I’m not a Trump supporter in the least, but I do scan some of the milder fringe sites periodically just to see what the conversation is like there. It’s useful to see what the world looks like through their eyes. But I don’t linger long, because some of it is truly awful.
But what exactly is the responsibility of a newspaper in this? I don't want to delve into opinion or ideology, but I think it's objectively true that Donald Trump lies constantly. A news source based on reporting facts should not be giving credence to nonsense because a lot of people believe it. Take climate change for example. Trump and the American right like to portray it as either untrue or unimportant. They are wrong. The NY Times is not serving anyone by running climate change denial opinions. It would be pandering. There's a strong thread of COVID-19 denialism on the right as well. It's all false and misleading. Those voices pushing to reopen quickly may have a lot of followers, but the NY Times absolutely should not amplify their voices.

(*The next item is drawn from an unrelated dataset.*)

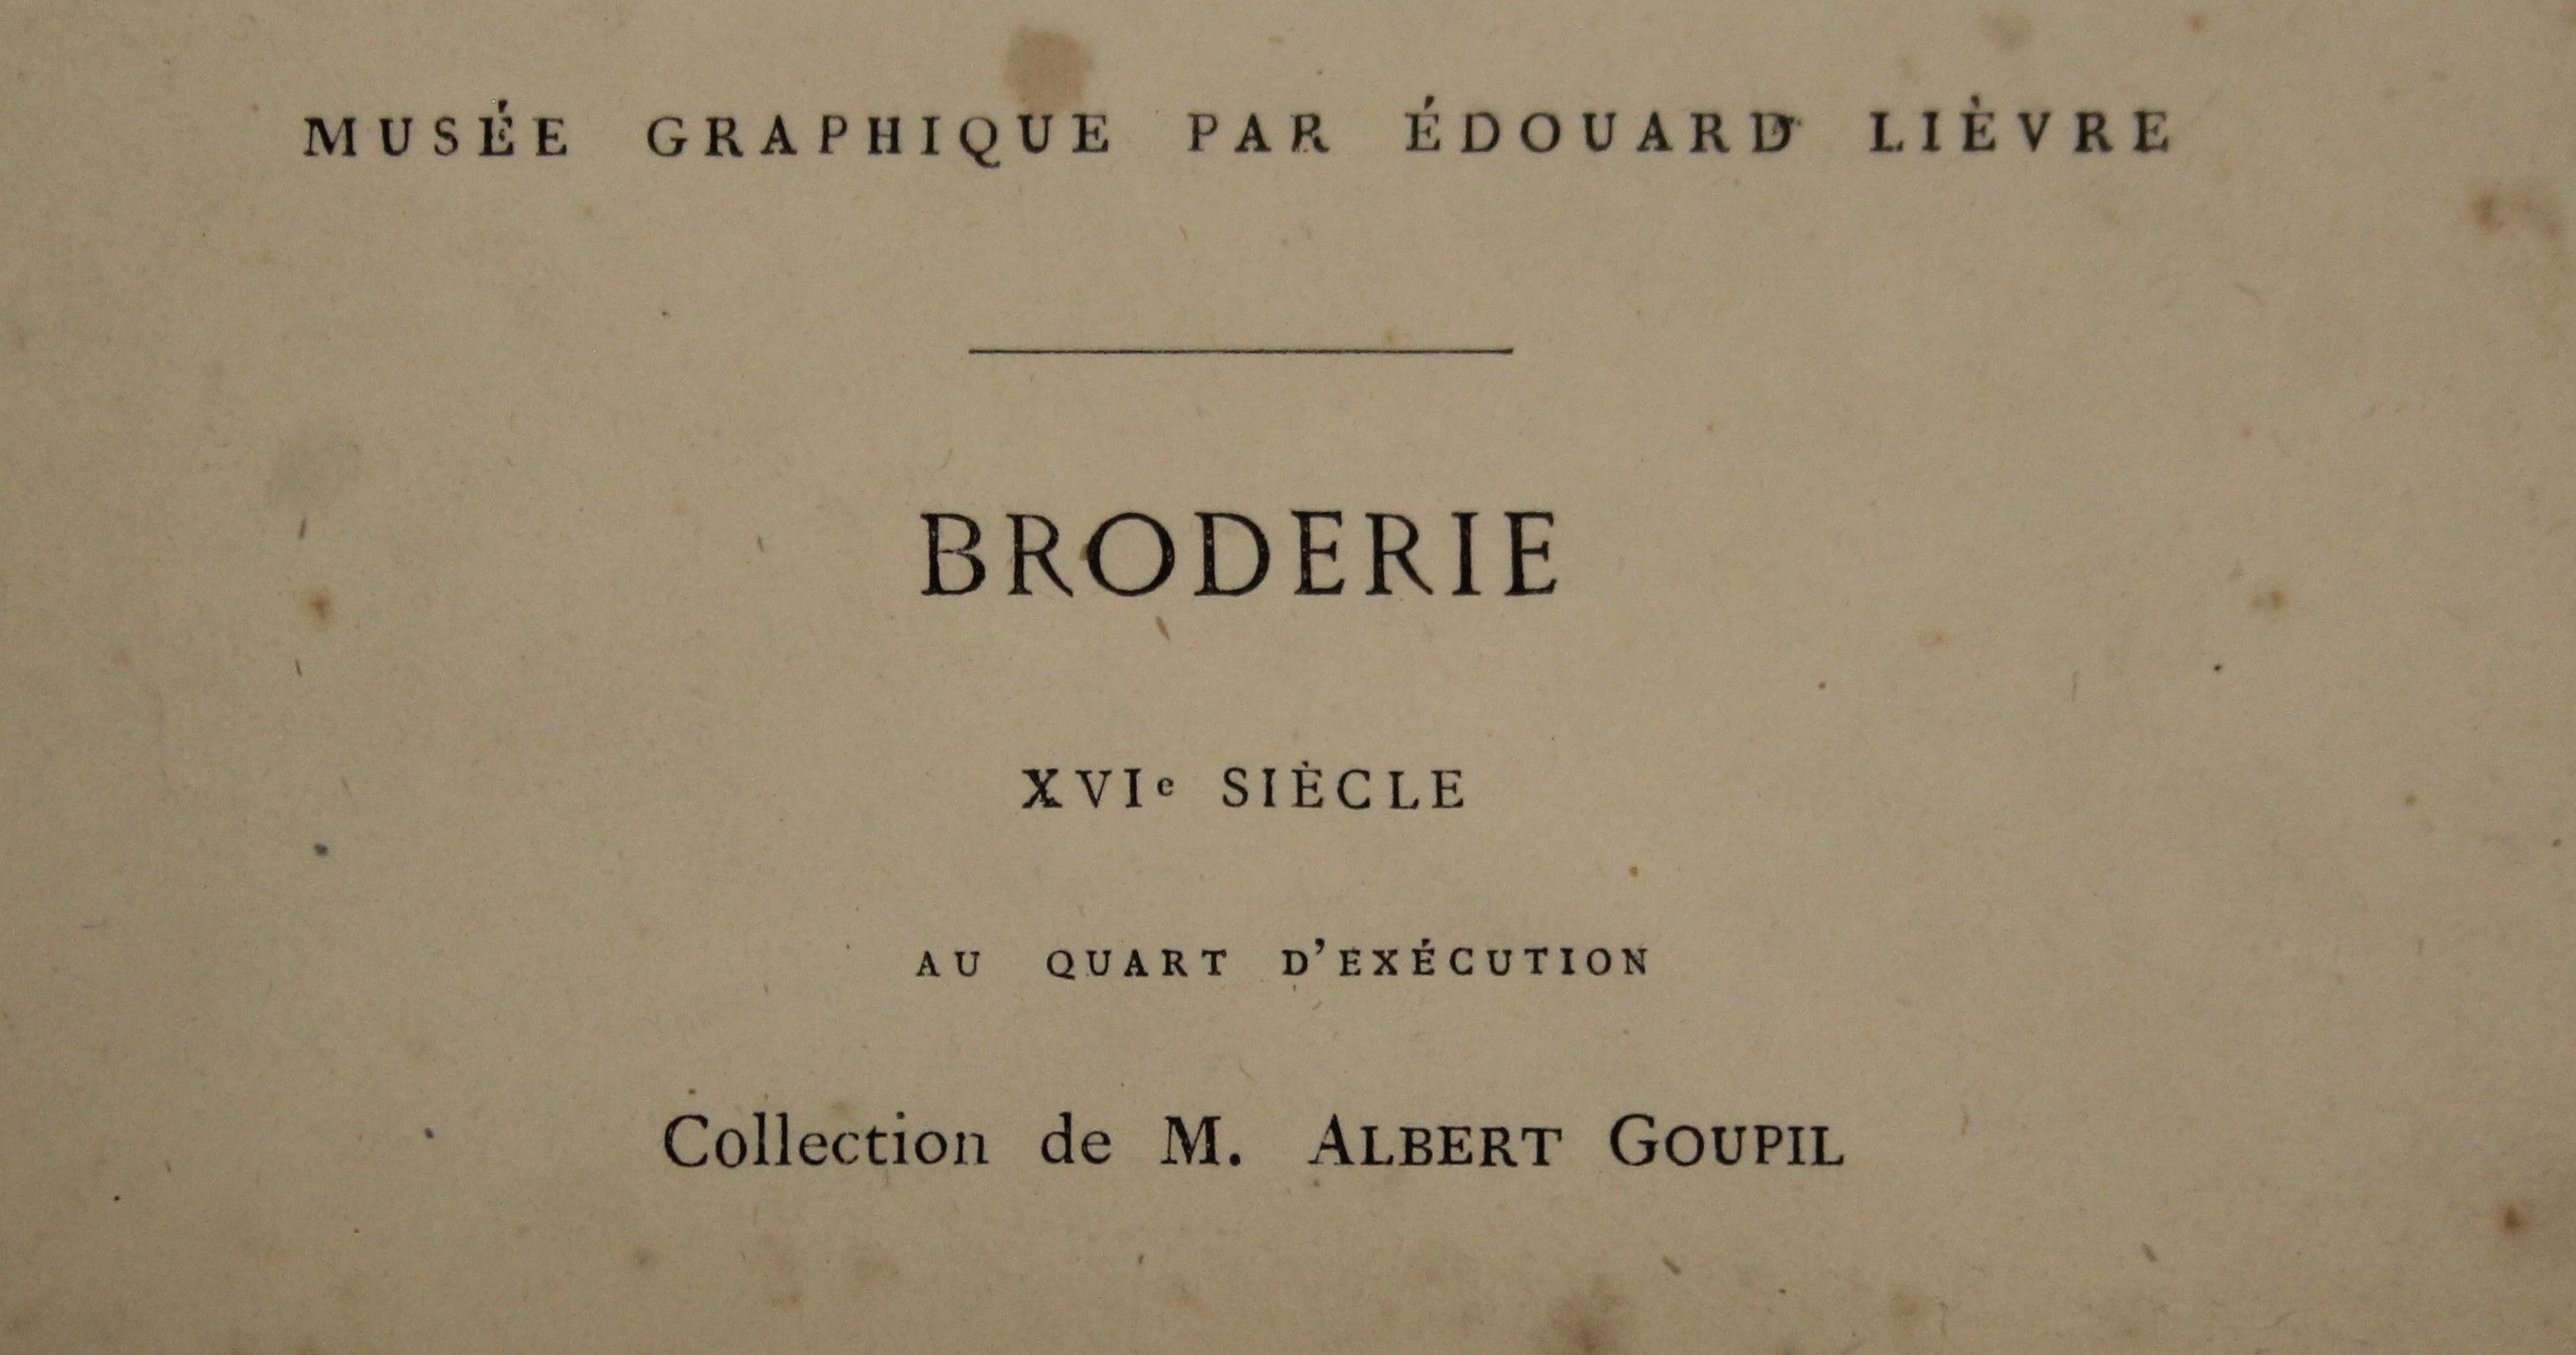 Lievre (Edouard), Musee Graphique Pour L'Etude de L'Art dans Toutes des Applications, - Image 19 of 23

About 40% of the America seems to still support Donald Trump, under most polls. It certainly isn't true that 40% of the media supports Donald Trump. As an external viewer, it's easy to imagine no-one was ever going to vote for Donald Trump, no-one ever supported him, and no-one supports him today, but that's clearly not reality.
Personally, I'd never have voted for him, but it's hard to understand why many of those who voted for him continue to support him, and it doesn't feel like the media is doing a good job here.